I am currently looking for new jobs, and am currently on £X amount of money. I know I am currently underpaid, so when talking to recruiters I am bumping my current salary up in order to apply for jobs at an acceptable market rate for my work. This naturally progresses through into the interview stage where employees will ask what I am currently on (and have in the past).

If I was to tell them I am on, let's say, 50,000, because I am currently looking for 60,000, even though I am currently only on 45,000, this would be discovered later if I accepted the role and my P60 is disclosed to them. Would this be a problem? Can they find out what my real previous salary was?

  • Do not lie. Period. Do not lie. There ways to avoid the question or give an answer which drives to what you want vs where you are. But, do not lie.
    – cdkMoose
    Commented Jun 27, 2017 at 18:06
  • What location is this? In some places in the US, it's illegal to ask what your current salary is.
    – Herb
    Commented Jun 27, 2017 at 18:44
  • You don't have to provide your p60 just say you mislaid it Commented Jun 27, 2017 at 19:34
  • 3
    Never, ever disclose your current salary.
    – Fattie
    Commented Jun 27, 2017 at 20:22

3 Answers 3


Why do you even disclose your current salary?

Just state your desired salary, full stop. If they ask why you are asking for that much, use real arguments: your current experience, average market value, etc. Your current salary should not be an argument.

If they insist on you disclosing your current salary just refuse, and if they don't want to give in, just walk away (I have done this myself). The company is either willing to pay your desired salary or not, and your current salary won't (shouldn't) factor in.

  • 2
    This, very much. There is no reason for anyone to know what your current salary is. If you are qualified for a position that pays between X and Y, then what you currently make has no bearing on that. If they deem you qualified for the job, then they can pay. Your recruiter needs to know what your target amount is. If I make 40,000 and won't work at a particular position for less than 90,000, which is the norm for Circus Elephant Poop Collector, then the fact that I make 40,000 now doesn't magically lower my minimum. Better to stick to letting them just know your target vs. lying about it. Commented Jun 27, 2017 at 18:36

In most cases getting caught in any lie, including what you may consider to be a minor stretch to manipulate to the salary you want, can be considered grounds for summary dismissal. You are in Europe, I am not, so you may dealing with different regulations than I am used to, and exact grounds for termination is a legal issue, not a workplace question. However, if there is any chance that a potential employer can discover your were less than 100% truthful, even if that does not cross a threshold that they can or will terminate you, it still sets the precedence that you are willing to manipulate and lie to them as you see fit. For me, that would mean even if I did not terminate you just for that, it would be a massive black mark and would effect all my future dealings with you long term and most managers would tend to feel the same way.
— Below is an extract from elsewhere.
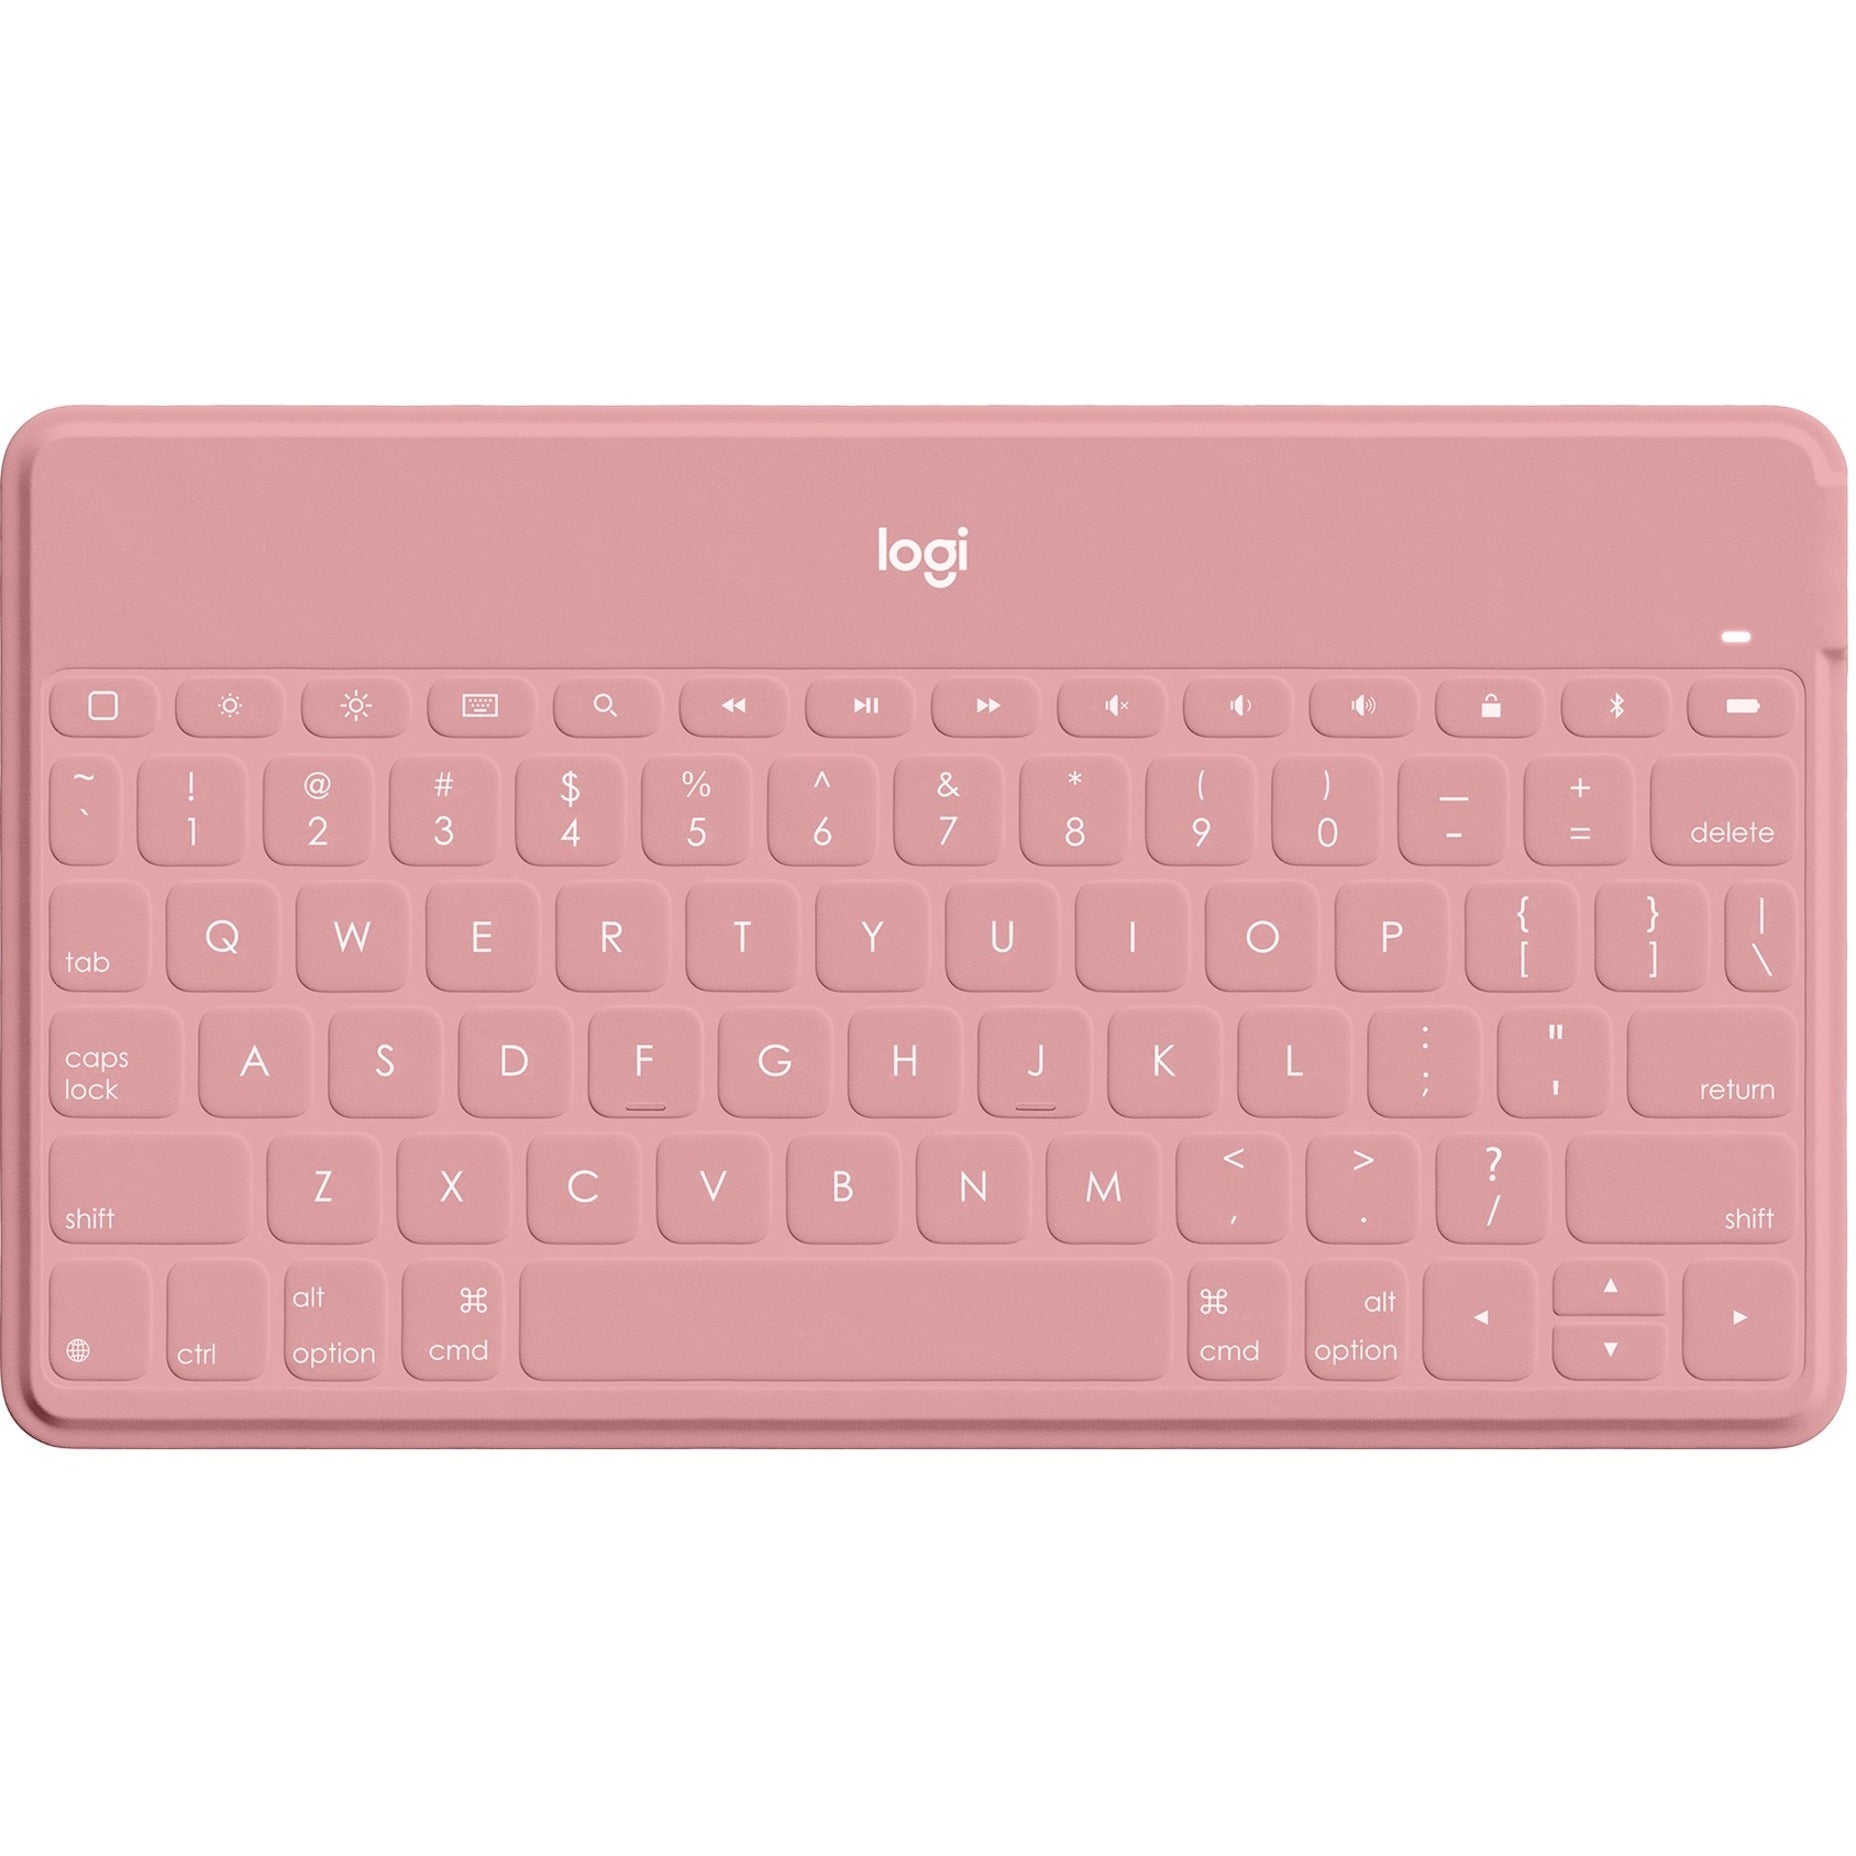 Logitech 920-010039 Keys-To-Go Keyboard, Lightweight, Slim, Bluetooth, Rechargeable Battery

When you are asked what are you making now, the correct answer is what you are making, not what you feel you should be making.


I think it would not be good, because you show you are not trustworthy early on at a new job. Sets you off for a bad start.

I would focus such discussion on the market-value of myself and the will of employer to purchase exactly that kind of "human capital" If your work is worth 60.000, then this is what needs to be paid and will be paid ... by someone. Of course, your employer would not be a good businessman if he did not try to purchase your service at a bargain. Don´t try to argue with your situation of live (kids, cost of living) Don´t let them argue with economic stress or you previous wage.

State that this is a simple transaction for you: You have something to offer an you estimate it is worth 60.000 - see if you can get to an agreement with them about this estimate, then you have a deal. If not, this is does not mean you are wrong, it only means they can not monetarize your work to that extent. If you can´t find an agreement on several occasions, then it is a good sign you are overestimating your market worth.